I tried not to stare at the other children because it seemed like I was being intrusive, but I couldn’t help it. I would see doctors and nurses talk to other parents in hushed tones and wonder what was wrong with their children. The majority of babies were housed in alcoves, with only a curtain surrounding them for privacy. A handful of babies got actual private rooms. I wondered if you got a room because your baby was certain to pass away. All of the joy and anticipation you could feel in the main waiting area of the maternity ward was missing here. Once inside the NICU, there was nothing but angst. You knew that every second in this place, someone was holding his or her breath. I wondered how many couples walked out of the NICU every year empty-handed.

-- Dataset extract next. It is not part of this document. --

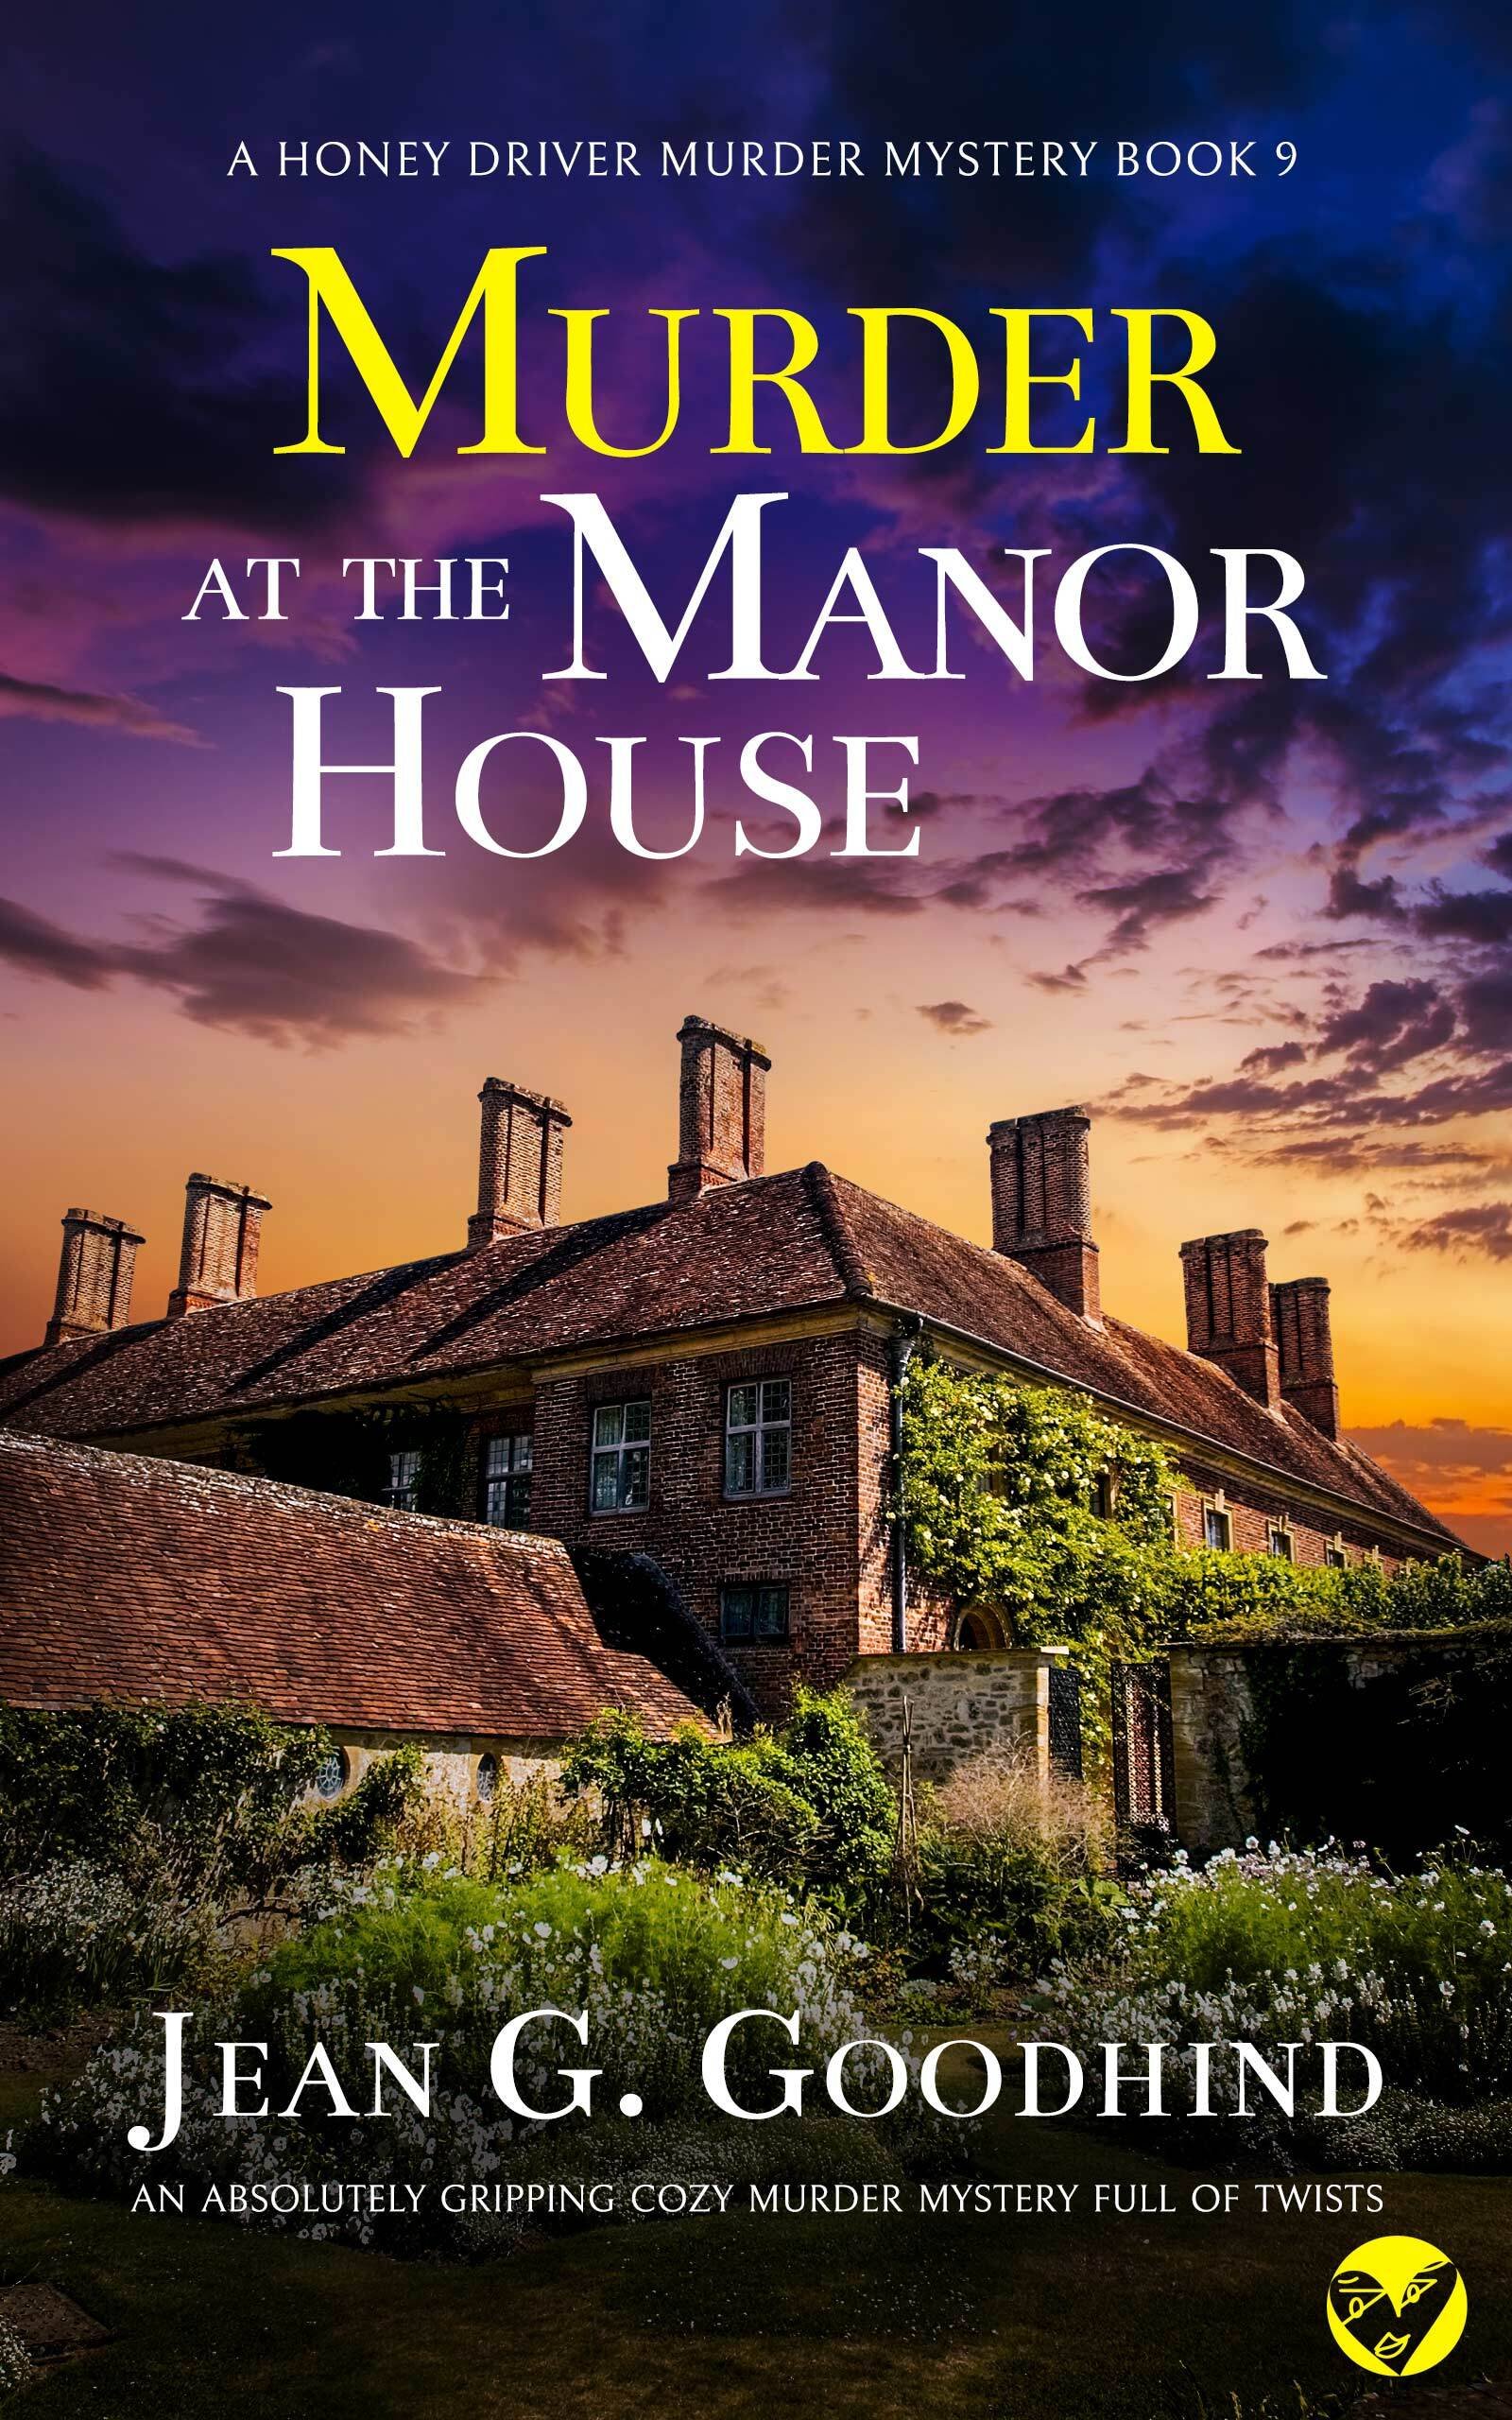 MURDER AT THE MANOR HOUSE Cover publish 617KB.jpg

After the baby’s surgery, I walked back to his isolette with my wife so that I could stare at him. The entire incubator was covered with a fitted giraffe blanket, to give parents a sense that this was a warm and cute place, not the terrifying place we all knew it to be. There was a flap at the top of the blanket that I could unsnap and open to look down at the baby, as if I were staring at fish underneath a glass bottom boat. I pulled the flap open and saw my son lying on a biliblanket, a blanket that lit up with changing colors to help lower the baby’s bilirubin levels (high levels of bilirubin cause jaundice). It would shift from green to yellow to red every few moments, as if my son were onstage at a rock concert.
“Should we take a picture of him?” I asked my wife.
She shook her head and began to cry. “I don’t want to remember any of this.”